Nanoparticles can be targeted through surface modification or the use of special materials, which is beneficial to the absorption of insoluble drugs and improves the bioavailability of drugs. The therapeutic field has broad application prospects.

Nanoparticles can be prepared by physical, chemical and physicochemical methods, among which physical methods are the most commonly used. According to the different formation mechanisms of nanoparticles, it can be divided into monomer polymerization and polymer material dispersion methods.

Popular nanoparticle drug carriers include polymer micelles, nanoliposomes, mesoporous silica, gold nanoparticles, etc.

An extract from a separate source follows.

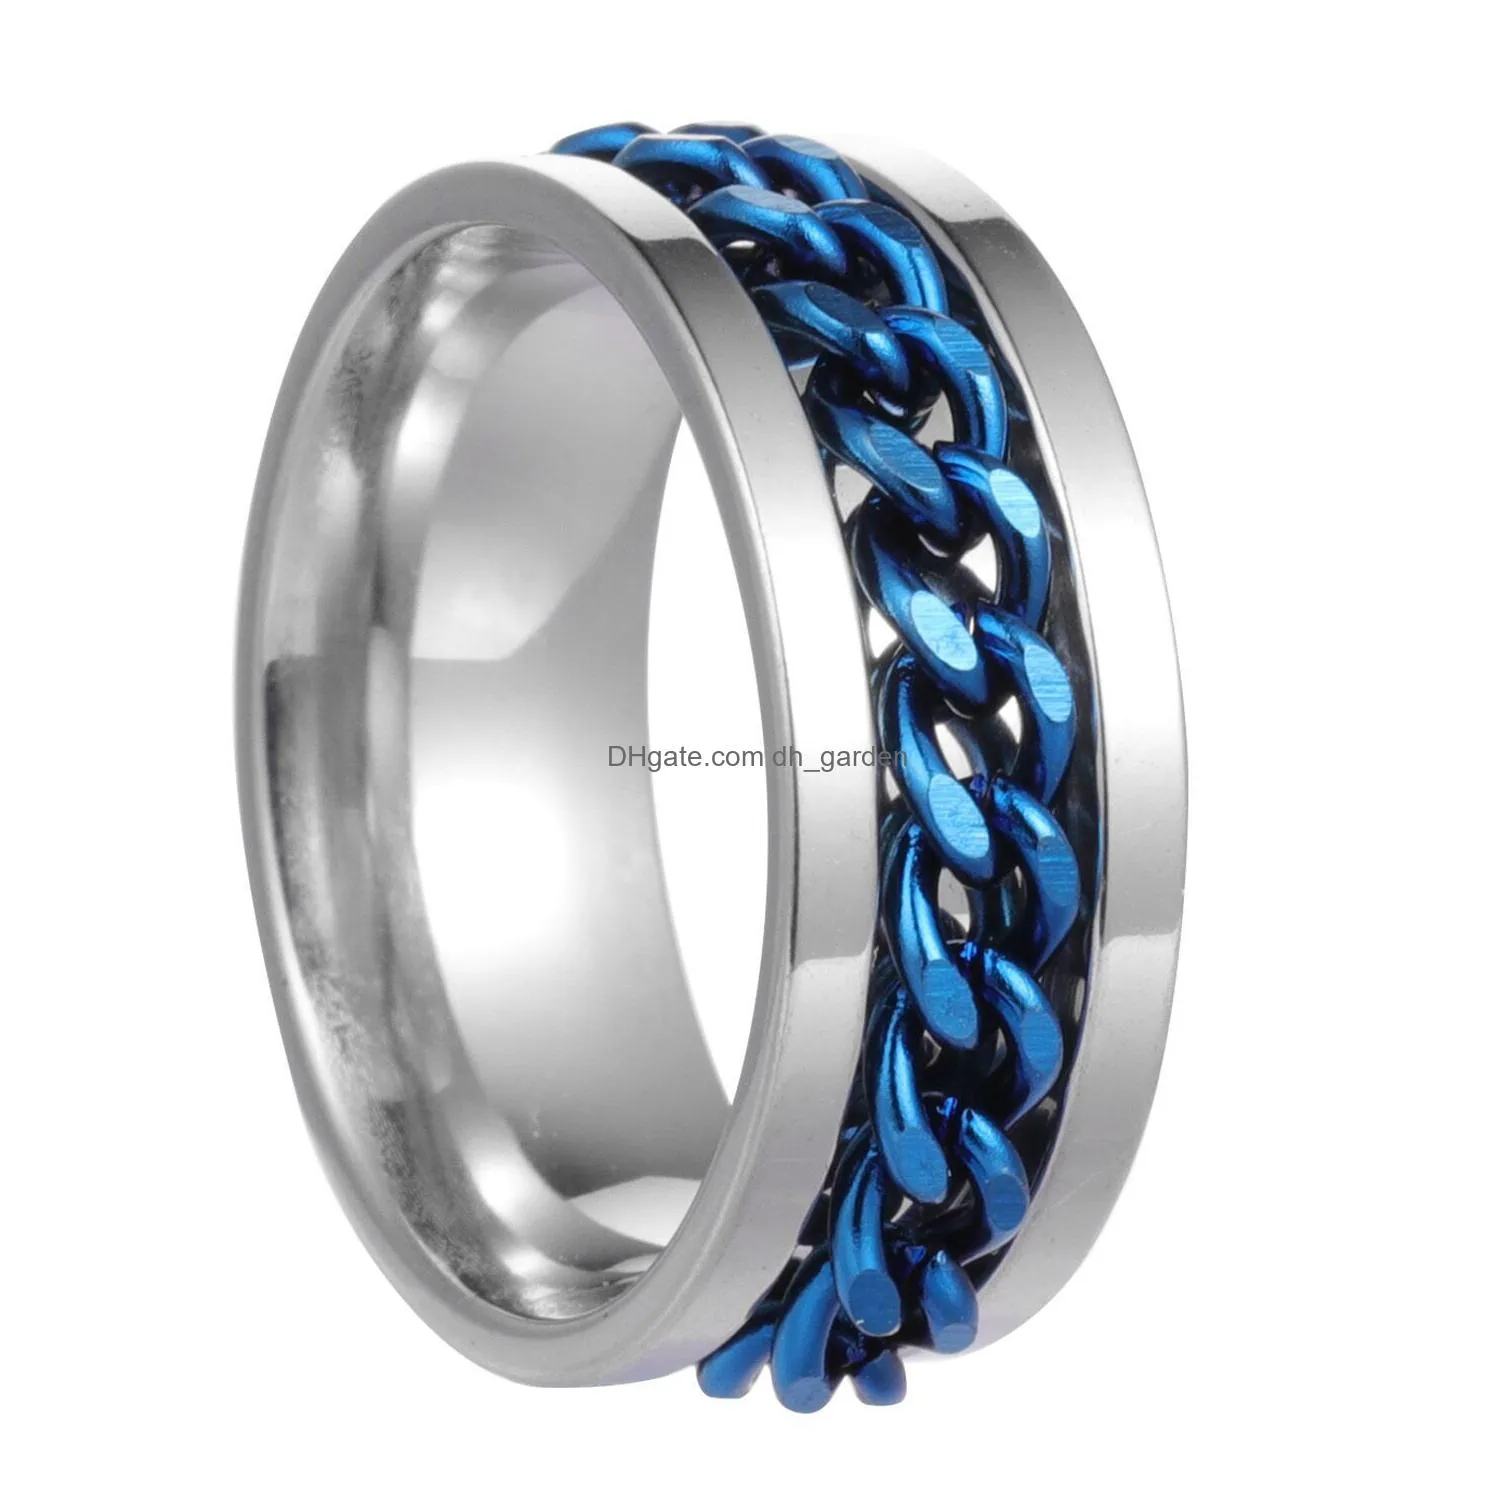 wholesale 40pcs spin chain stainless steel rings silver black gold blue mix men fashion wedding band party gifts jewelry

Gold nanoparticles (AuNPs)

Gold nanoparticles (AuNPs) are one of the common inorganic nanomaterials, which have the advantages of low toxicity, good biocompatibility, and easy surface functionalization. Due to the special physical, chemical and optical properties of gold nanoparticles, drug carriers modified with gold nanoparticles have been widely used in medical imaging and cancer treatment in recent years.

Summary on Antitumor Carriers and Peptides：

Researchers have carried out a lot of research on drug carrier materials, enriched the types of drug carrier materials, improved their intelligence, and effectively promoted the application of drug carrier materials in antitumor drug therapy.

However, the stability, uniformity, and safety of anti-tumor drug carrier materials need to be further studied in order to further promote the clinical application of anti-tumor drug carrier materials.